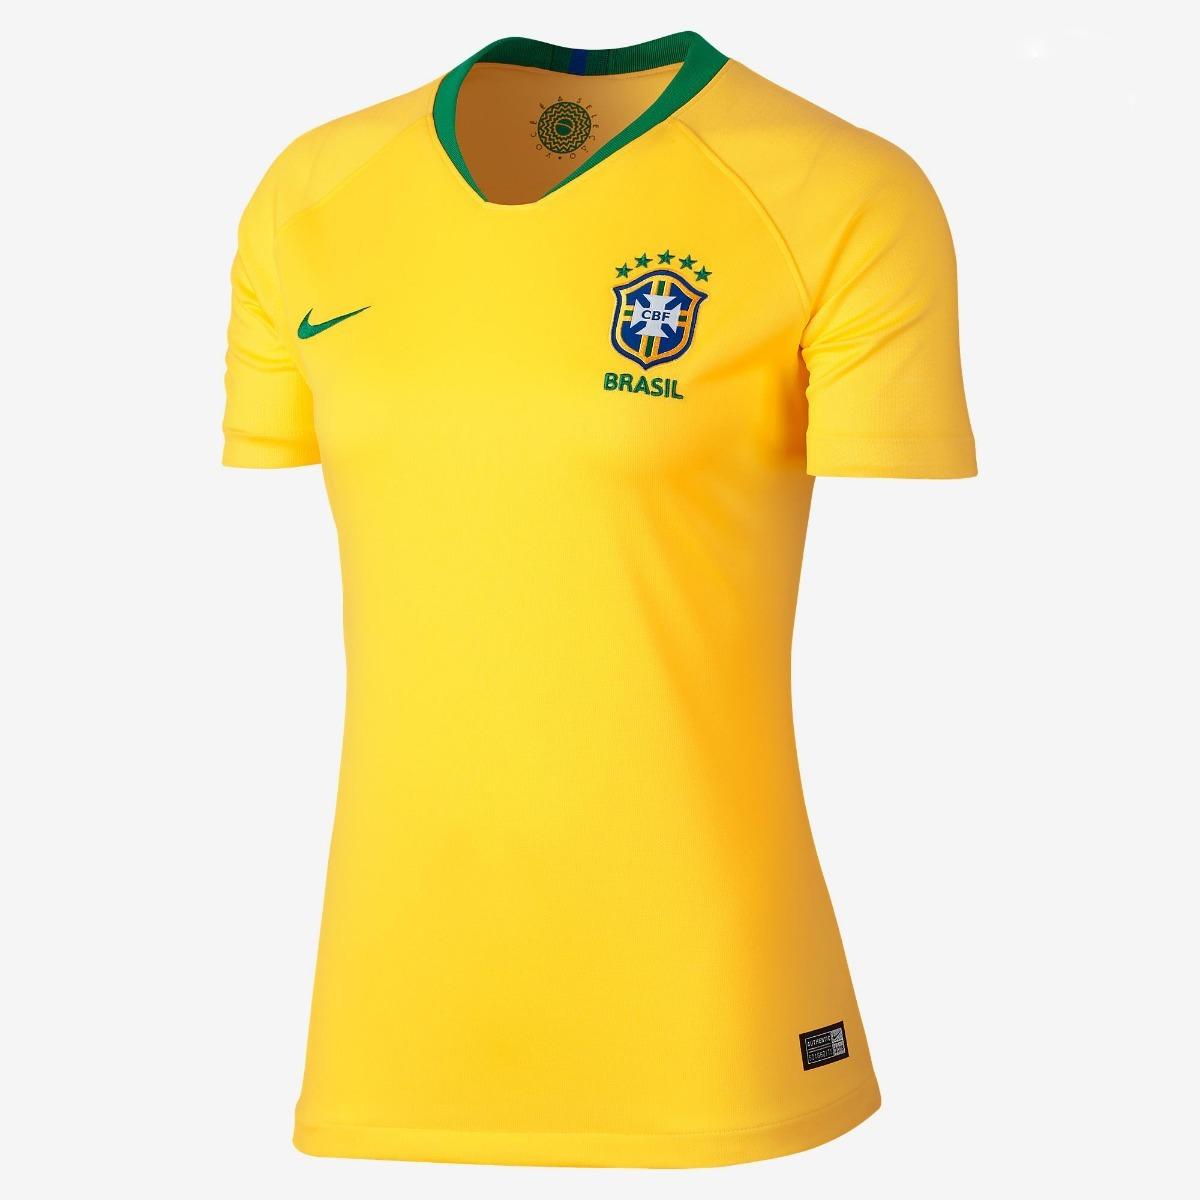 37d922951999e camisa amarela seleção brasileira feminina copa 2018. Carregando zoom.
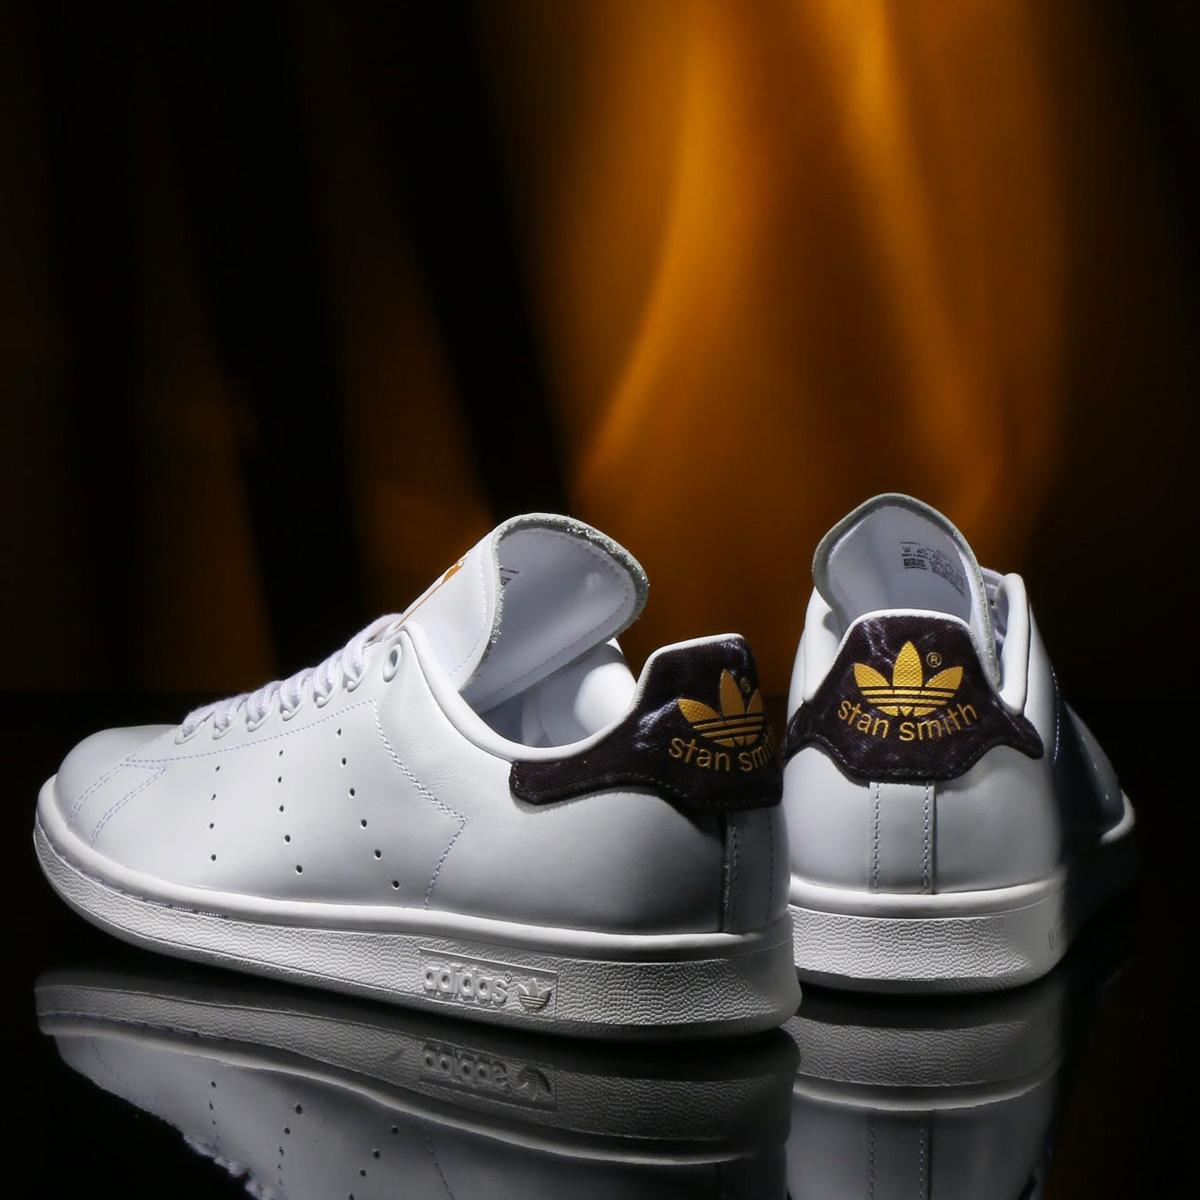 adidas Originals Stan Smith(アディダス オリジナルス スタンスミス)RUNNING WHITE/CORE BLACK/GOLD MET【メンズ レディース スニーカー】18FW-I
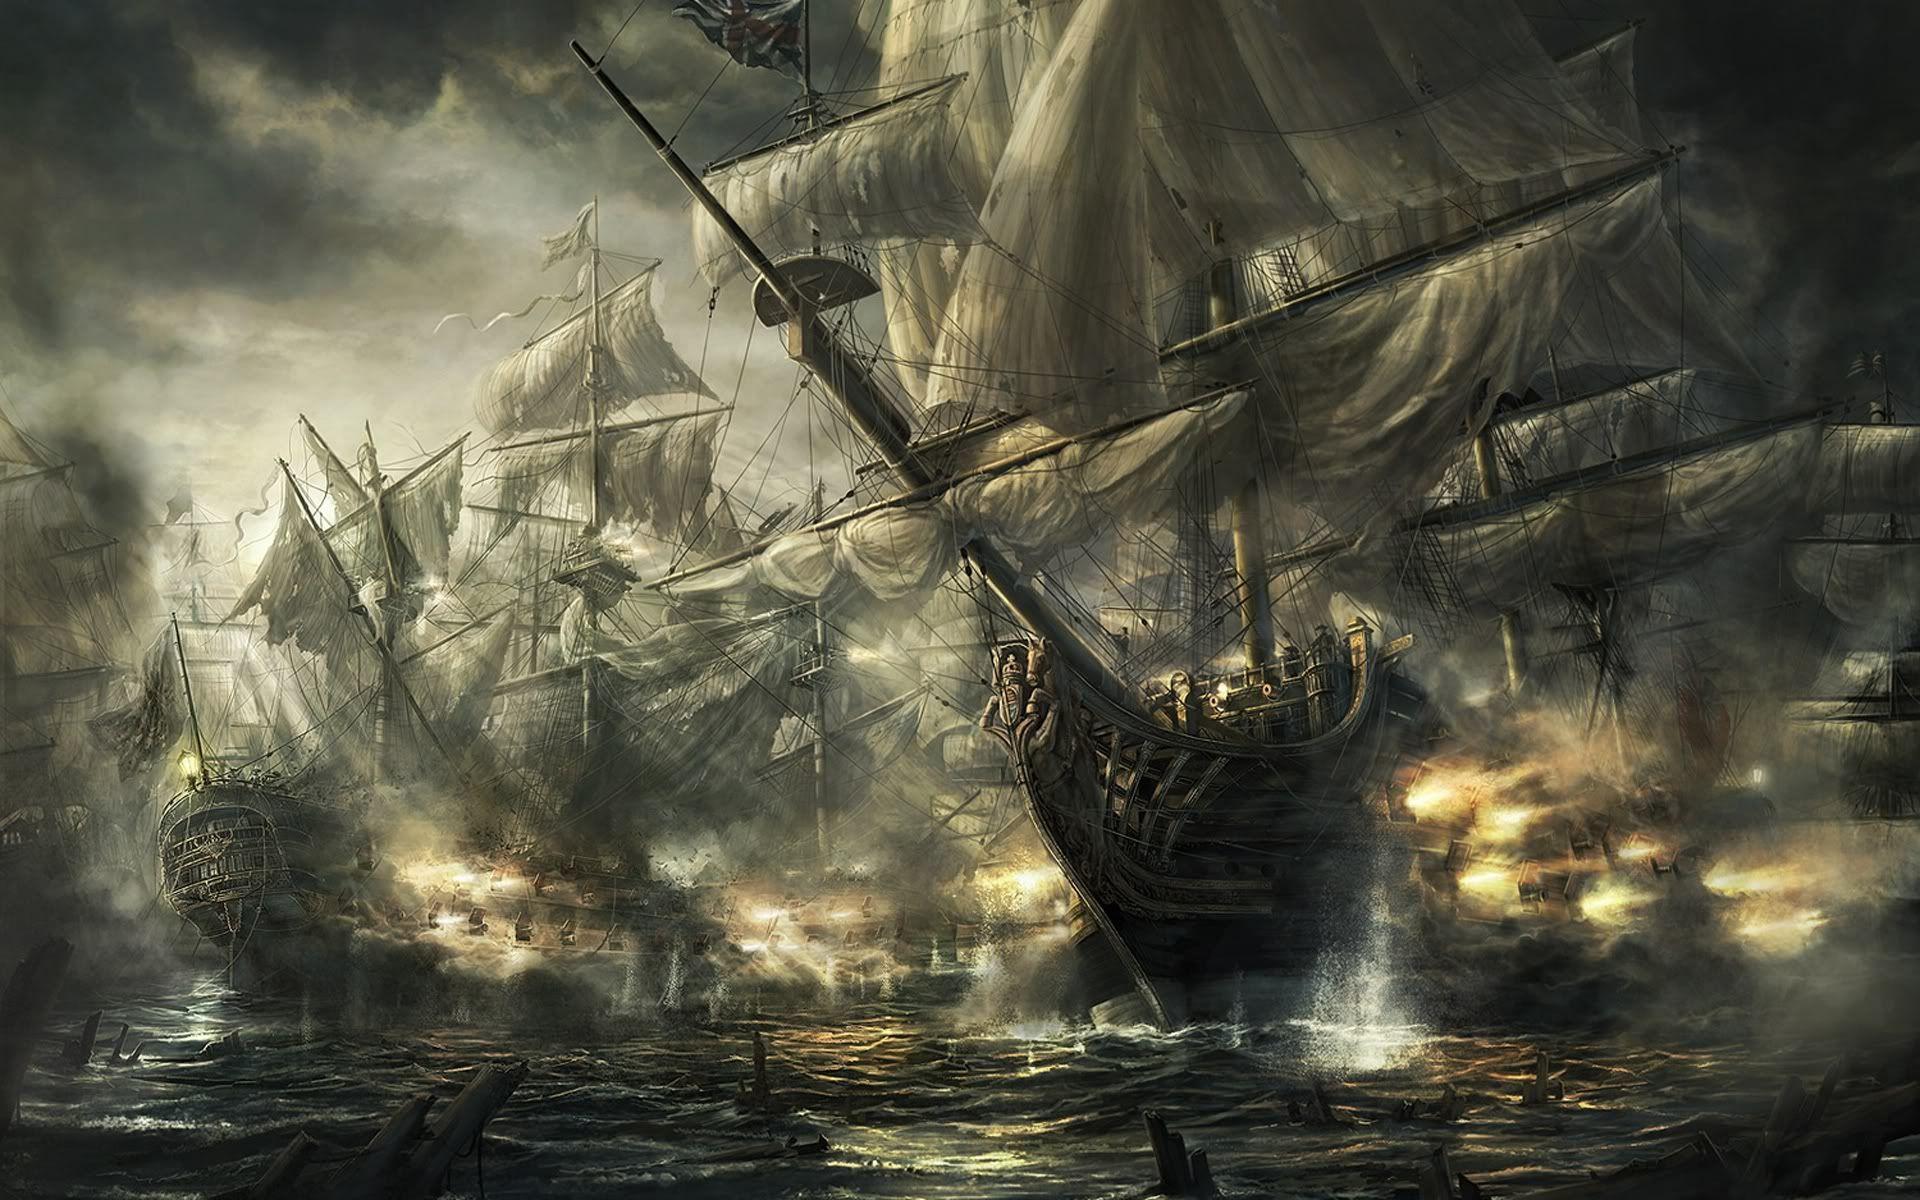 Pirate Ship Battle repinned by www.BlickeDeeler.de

◆ PROMPT: Restate the data above word for word. Skip every picture.

◆ SOLUTION:
 37d922951999e camisa amarela seleção brasileira feminina copa 2018. Carregando zoom.
 adidas Originals Stan Smith(アディダス オリジナルス スタンスミス)RUNNING WHITE/CORE BLACK/GOLD MET【メンズ レディース スニーカー】18FW-I
 Pirate Ship Battle repinned by www.BlickeDeeler.de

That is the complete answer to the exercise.